Just to verify, the call function is differently written.

  def call(self, inputs):
    dtype = K.dtype(inputs)
    if dtype != 'int32' and dtype != 'int64':
      inputs = math_ops.cast(inputs, 'int32')
    out = embedding_ops.embedding_lookup(self.embeddings, inputs)
    return out

Let's design a simple network like before and observe the weight matrix.

from keras.models import Model
from keras.layers import Embedding, Input
import numpy as np

ip = Input(shape = (3,))
emb = Embedding(1, 2, trainable=True, mask_zero=True)(ip)

model = Model(ip, emb)
input_array = np.array([[5, 3, 1], [1, 2, 3]])
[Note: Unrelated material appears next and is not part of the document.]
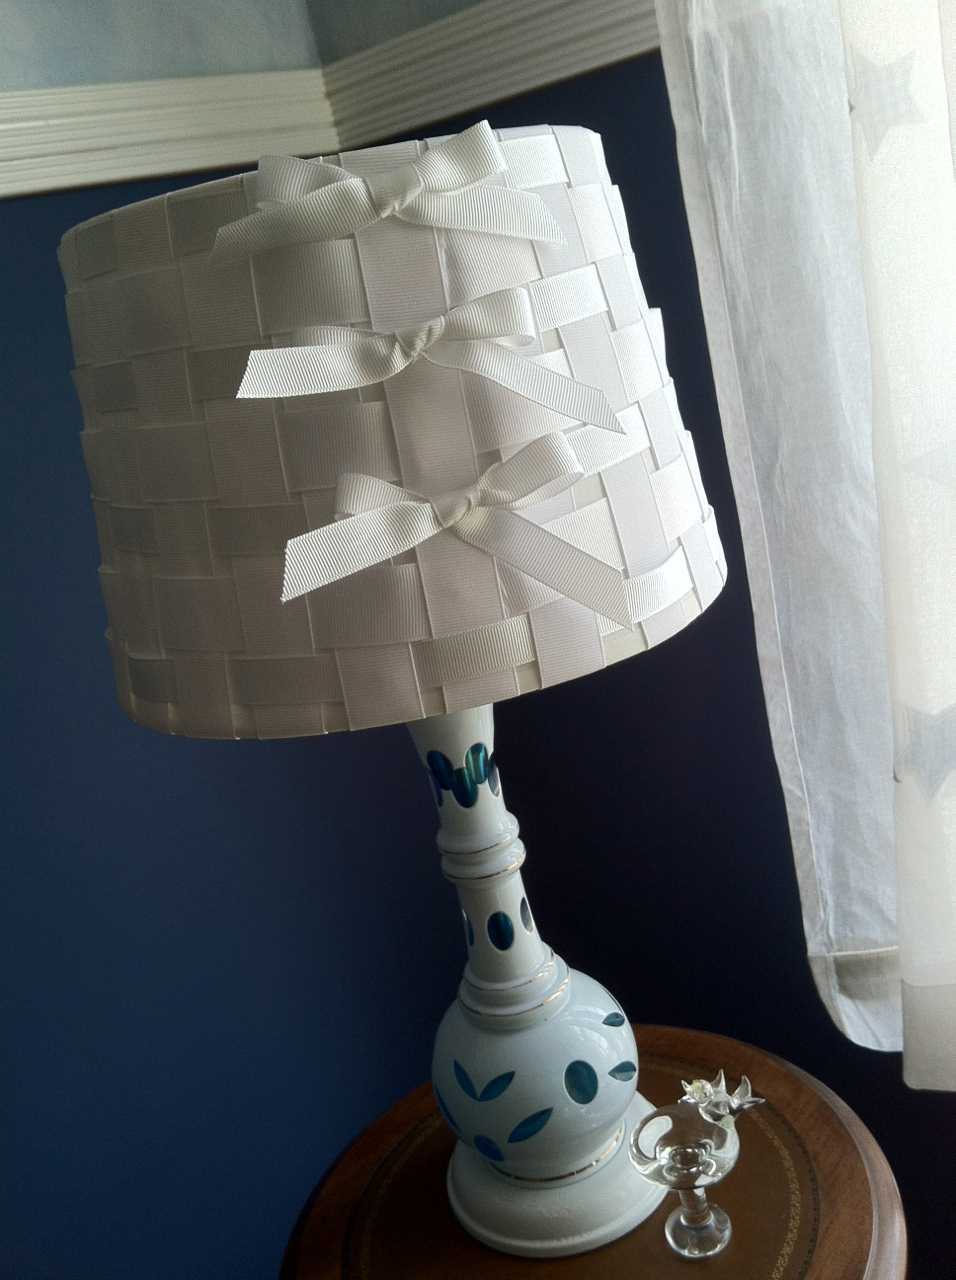 unusual design of the lamp shade with improvised materials

model.compile("rmsprop", "mse")

output_array = model.predict(input_array)

print(output_array)

print(output_array.shape)

model.summary()

The model gives the following output.

[[[0. 0.]
  [0. 0.]
  [0. 0.]]

 [[0. 0.]
  [0. 0.]
  [0. 0.]]]
(2, 3, 2)
Model: "model_18"
_________________________________________________________________
Layer (type)                 Output Shape              Param #   
=================================================================
input_21 (InputLayer)        (None, 3)                 0         
_________________________________________________________________
embedding_33 (Embedding)     (None, 3, 2)              2         
=================================================================
Total params: 2
Trainable params: 2
Non-trainable params: 0

Okay, we are getting bunch of zeros but the default weight_initializer is not zeros!

So, let's observe the weight matrix now.

import keras.backend as K

w = model.layers[1].get_weights()
print(w)

[array([[ 0.03680499, -0.04904002]], dtype=float32)]

In fact, it is not all zeros.

So, why are we getting zeros?

Let's change our input to the model.

As the only in vocabulary word index for input_dim = 1, is 0. Let's pass 0 as one of the inputs.

from keras.models import Model
from keras.layers import Embedding, Input
import numpy as np

ip = Input(shape = (3,))
emb = Embedding(1, 2, trainable=True, mask_zero=True)(ip)

model = Model(ip, emb)
input_array = np.array([[5, 0, 1], [1, 2, 0]])

model.compile("rmsprop", "mse")

output_array = model.predict(input_array)

print(output_array)

print(output_array.shape)

model.summary()

Now, we get non-zero vectors for the positions where we passed 0.

[[[ 0.          0.        ]
  [-0.04339869 -0.04900574]
  [ 0.          0.        ]]

 [[ 0.          0.        ]
  [ 0.          0.        ]
  [-0.04339869 -0.04900574]]]
(2, 3, 2)
Model: "model_19"
_________________________________________________________________
Layer (type)                 Output Shape              Param #   
=================================================================
input_22 (InputLayer)        (None, 3)                 0         
_________________________________________________________________
embedding_34 (Embedding)     (None, 3, 2)              2         
=================================================================
Total params: 2
Trainable params: 2
Non-trainable params: 0

In short, Keras maps any out of vocabulary word index with a zero vector and this is reasonable as for those positions the forward pass will ensure all the contributions are NIL (the biases may have a role though). That is a little bit counter-intuitive as passing out of vocabulary tokens to the model seems an overhead (rather than just removing them in the pre-processing step) and bad practice but it is a good fix to test different input_dim without re-calculating tokens.